Why i can't get that trojan to open? :/ I get this error:

[Shoganitic]

i getting an error i think 2 months ago , when i use the authenticator code its says that is not correct...
but anti-malware cant find anything.

[Atallicus]

I'm super new to mac's, is there something I should be looking for here? I know I won't find a .dll so does that mean I'm safe? Sorry for a newbie question

[Yoe]

Question, if you waited for the last say 10-15 seconds off your authenticator code then entered it before it changed wouldnt you still be perfectly safe? As by the time they get the code and use what ever bot to get into your account a new code will be needed?

[Ryoushii]

Btw, it's fine for people to refer to it as a 'virus', although it doesn't have the characteristics of one, people have been using the word in this context so much that it's just become generally acceptable for any type of malware, at least outside of professional areas.

I'm super new to mac's, is there something I should be looking for here? I know I won't find a .dll so does that mean I'm safe? Sorry for a newbie question

DLL's are for Windows operating systems, so you are indeed fine for this trojan.

Question, if you waited for the last say 10-15 seconds off your authenticator code then entered it before it changed wouldnt you still be perfectly safe? As by the time they get the code and use what ever bot to get into your account a new code will be needed?

Yes, that's fine.

[IKT]

7 words: You Are Not More Safe On A Mac.

The only reason people try to hack them less is because the majority of home users (the targets of hacks) are on PCs.

Bit of a contradiction there,

If the only reason people try to hack them less is because the majority of home users are on pc's (you mean windows), then macs ARE safer because they're being targeted less, however the whole popularity contest is a flawed and dumb reason that only idiots use.

Btw, it's fine for people to refer to it as a 'virus', although it doesn't have the characteristics of one, people have been using the word in this context so much that it's just become generally acceptable for any type of malware, at least outside of professional areas.

No it's NOT, excusing people for being fucking dumb is not a valid reason to keep using the incorrect term, half of this shit happens because of dumb fucking people who can't put 1+1 together.

http://en.wikipedia.org/wiki/Malware...uses_and_worms

[Atallicus]

Btw, it's fine for people to refer to it as a 'virus', although it doesn't have the characteristics of one, people have been using the word in this context so much that it's just become generally acceptable for any type of malware, at least outside of professional areas.


DLL's are for Windows operating systems, so you are indeed fine for this trojan.

Yes, that's fine.

Thankyou much!

[Puntar]

Hmm, wouldn't tying MAC address of you Ethernet card to the Authenticator make it very hard on the hackers?

Another way would be to input 2nd Authenticator number just after log in (in that log-in Auth phase player still cannot interact with anything).

[Deviltry]

Hmm, wouldn't tying MAC address of you Ethernet card to the Authenticator make it very hard on the hackers?

Another way would be to input 2nd Authenticator number just after log in (in that log-in Auth phase player still cannot interact with anything).

Changing MAC address takes like 10 seconds.
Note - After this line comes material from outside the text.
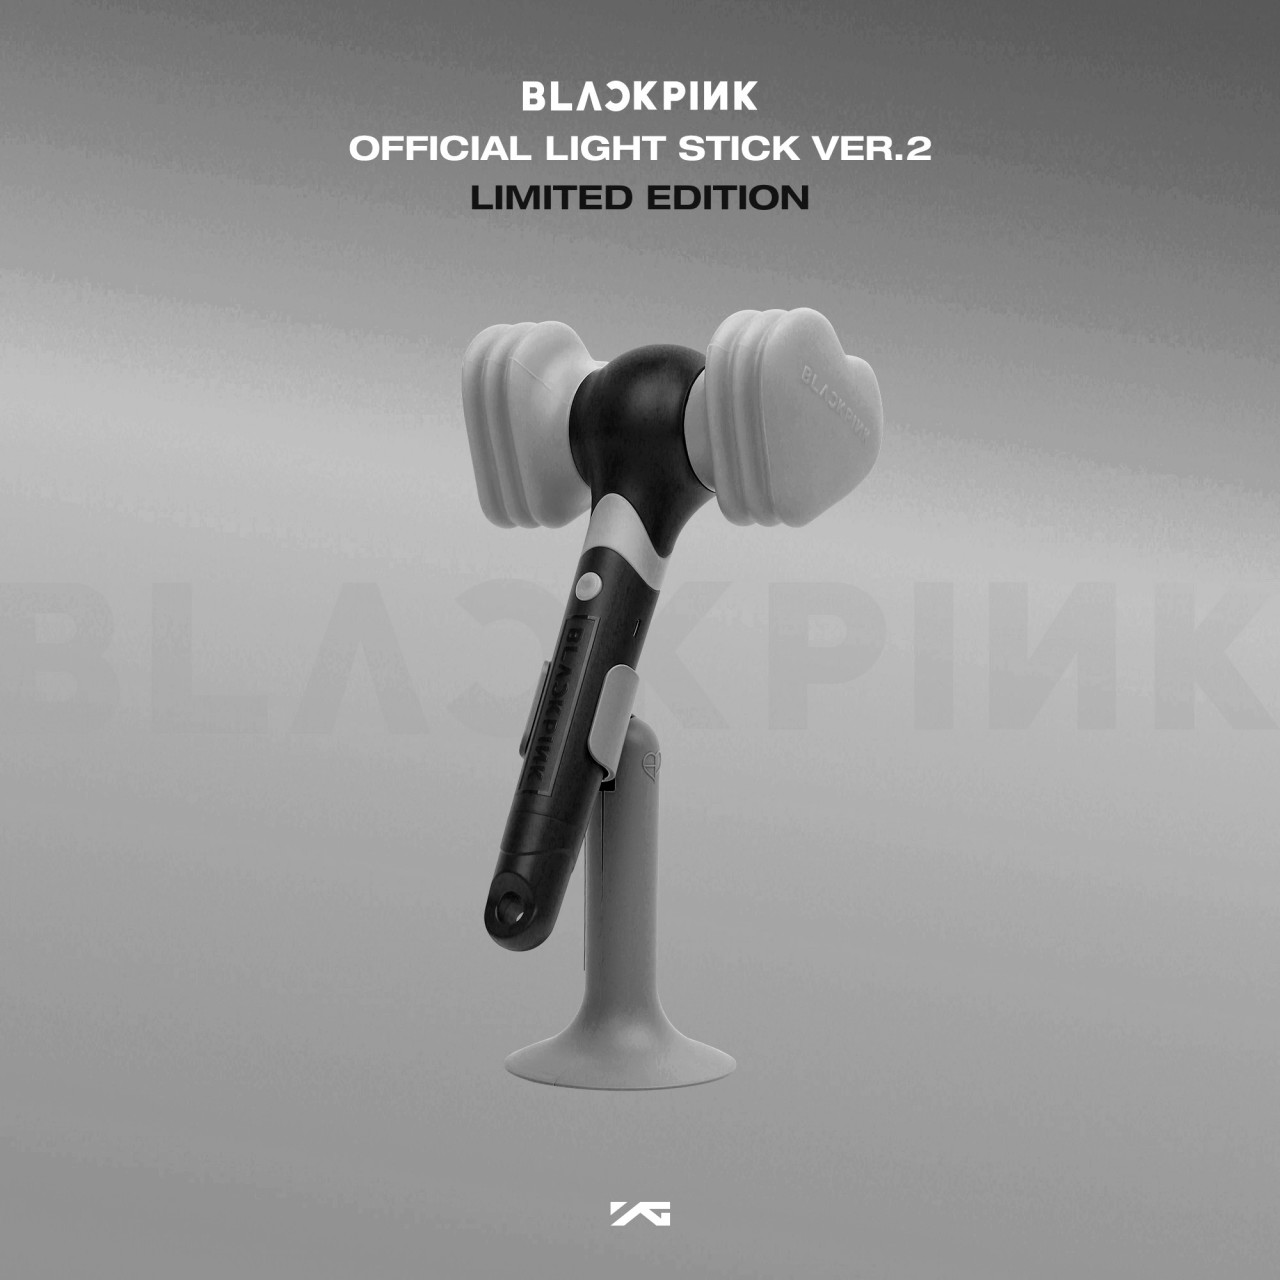 16 Blackpink Lightstick ideas  blackpink, kpop merch, yg entertainment

And reading it when you have a trojan installed on your victim's computer is piss easy.

[TobiasX]

Bit of a contradiction there,

If the only reason people try to hack them less is because the majority of home users are on pc's (you mean windows), then macs ARE safer because they're being targeted less

The majority of viruses target a computer; they don't care whether it's a mac or a windows pc.
There are a number of viruses that specifically target windows pcs. This is a very small number relative to the total number of viruses that exist.